# Data for review:
────────────────
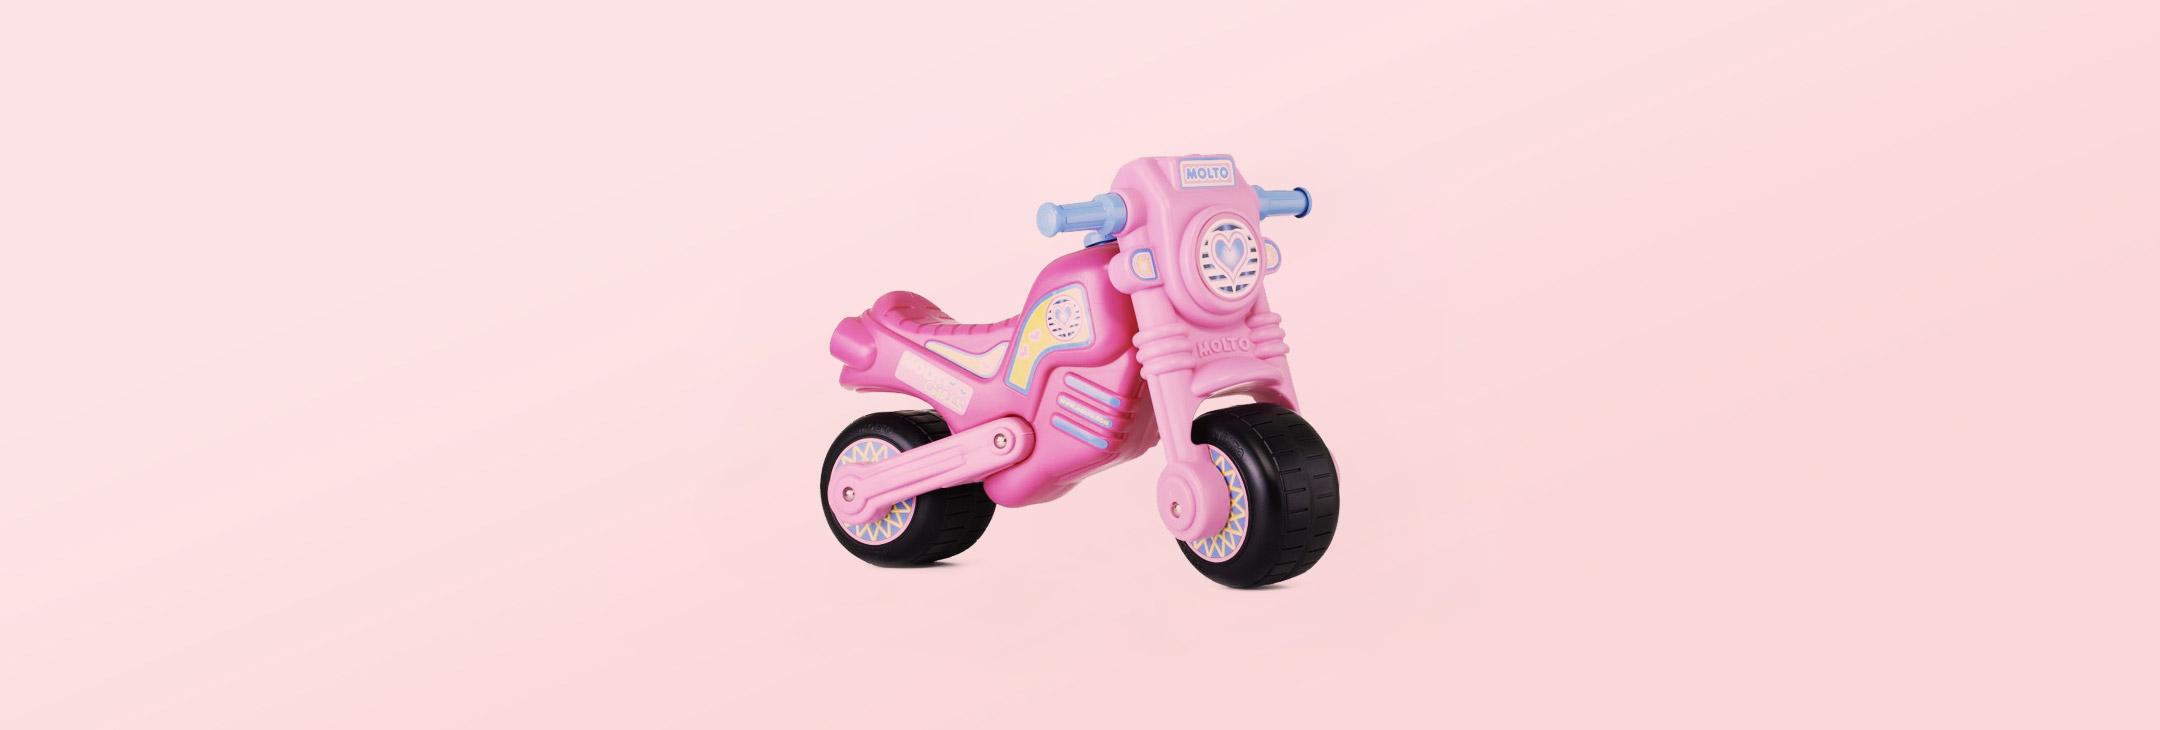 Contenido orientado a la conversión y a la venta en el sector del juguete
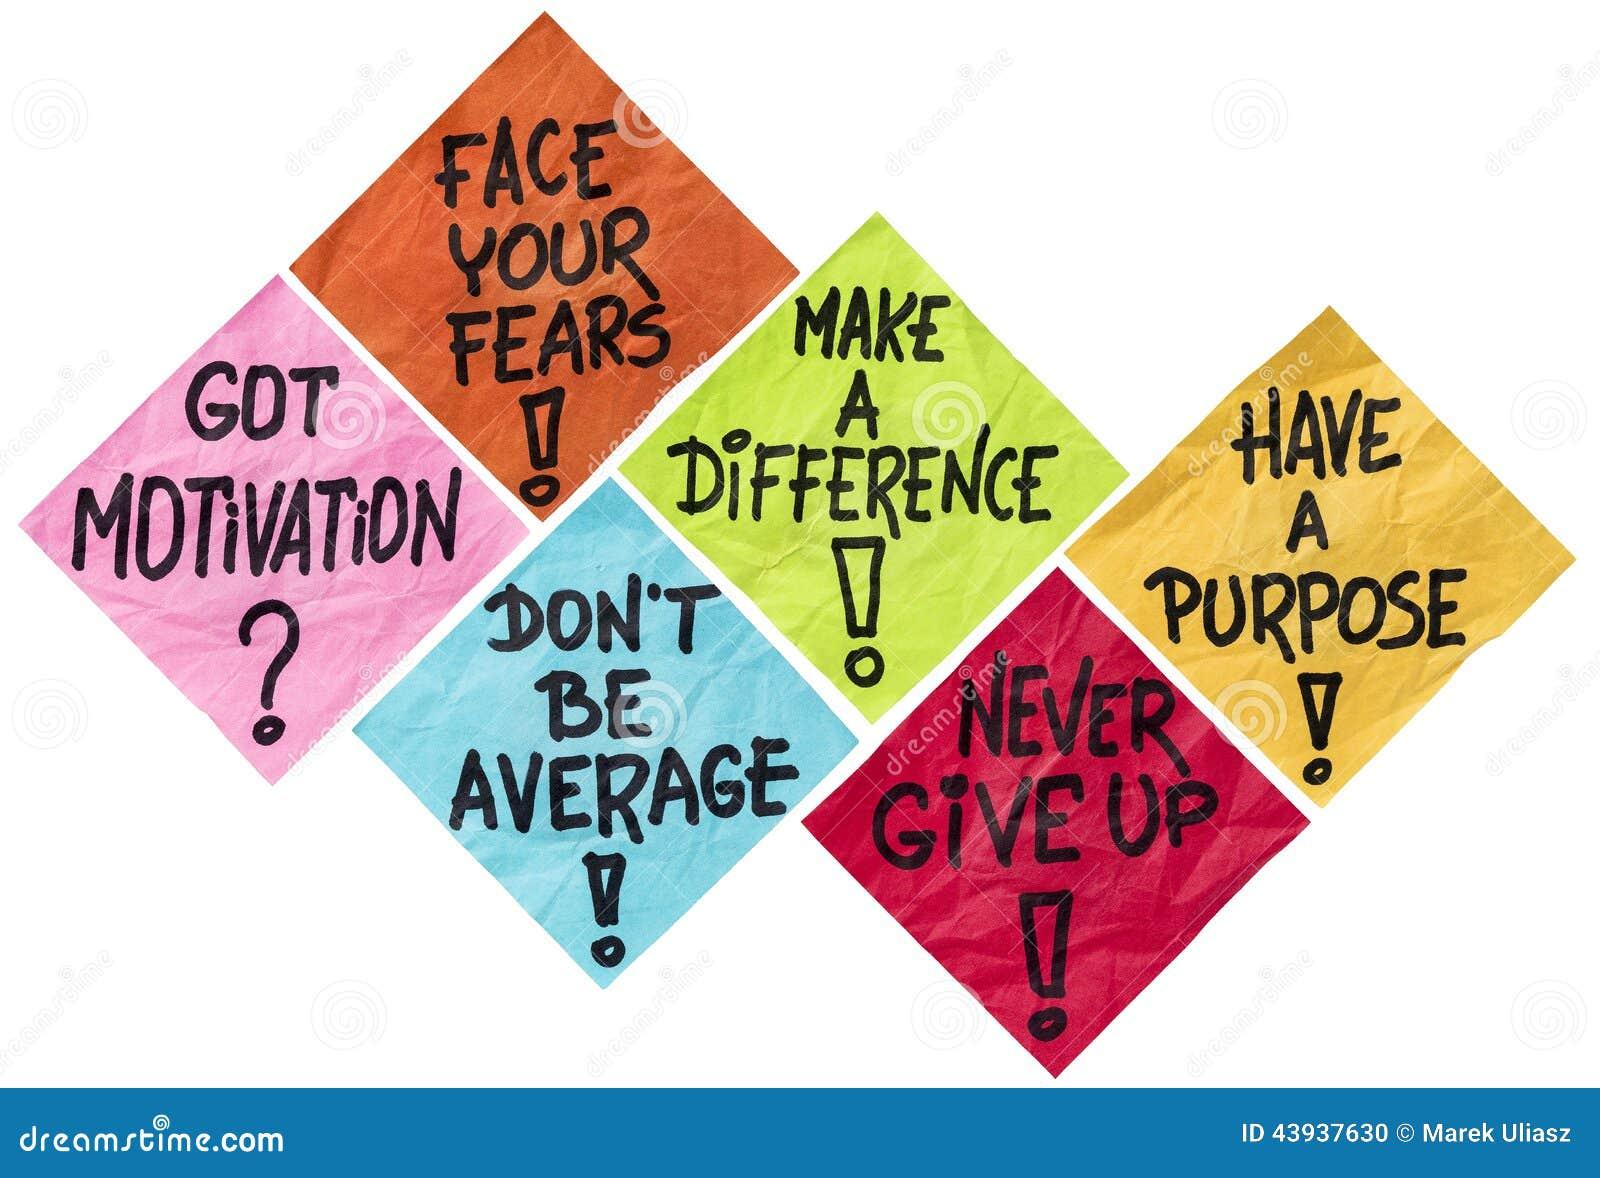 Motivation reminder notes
────────────────
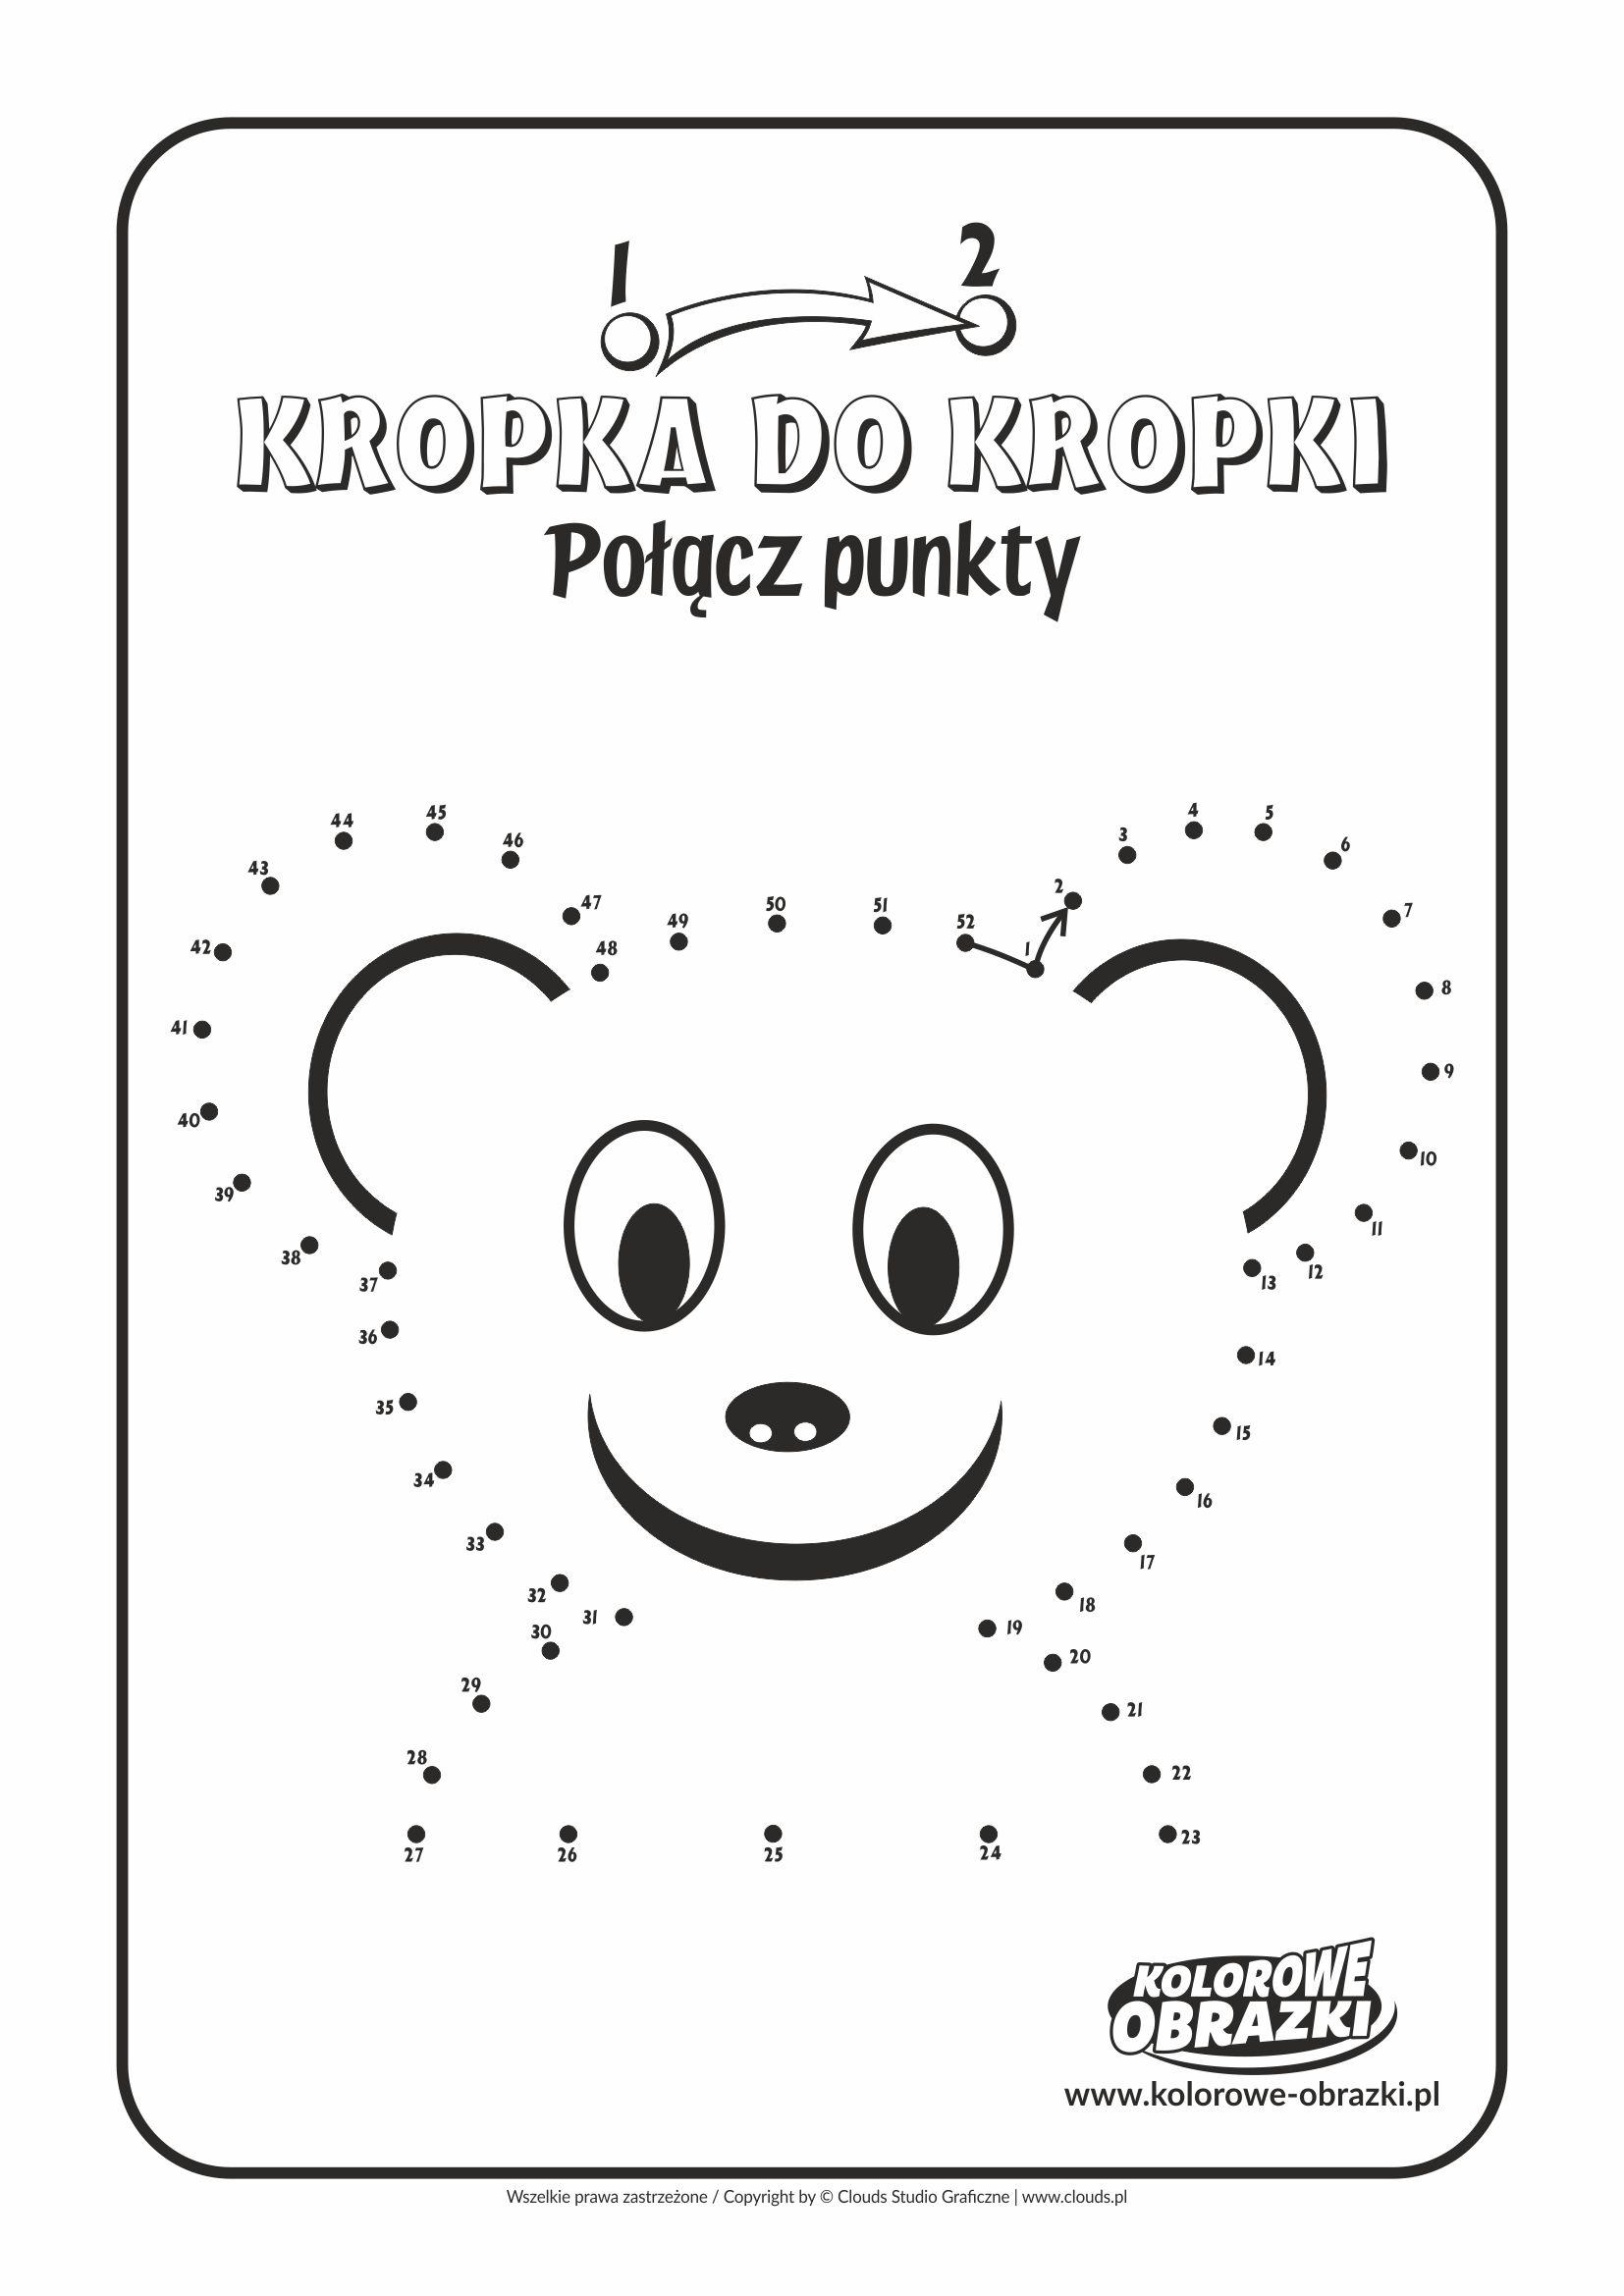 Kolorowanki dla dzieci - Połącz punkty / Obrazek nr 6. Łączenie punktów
────────────────
# Task requirements:
Look above for the line with "Contenido orientado a", then give again exactly every line from there through the line with "Motivation reminder notes", skipping the pictures.

# Worked solution:
 Contenido orientado a la conversión y a la venta en el sector del juguete
 Motivation reminder notes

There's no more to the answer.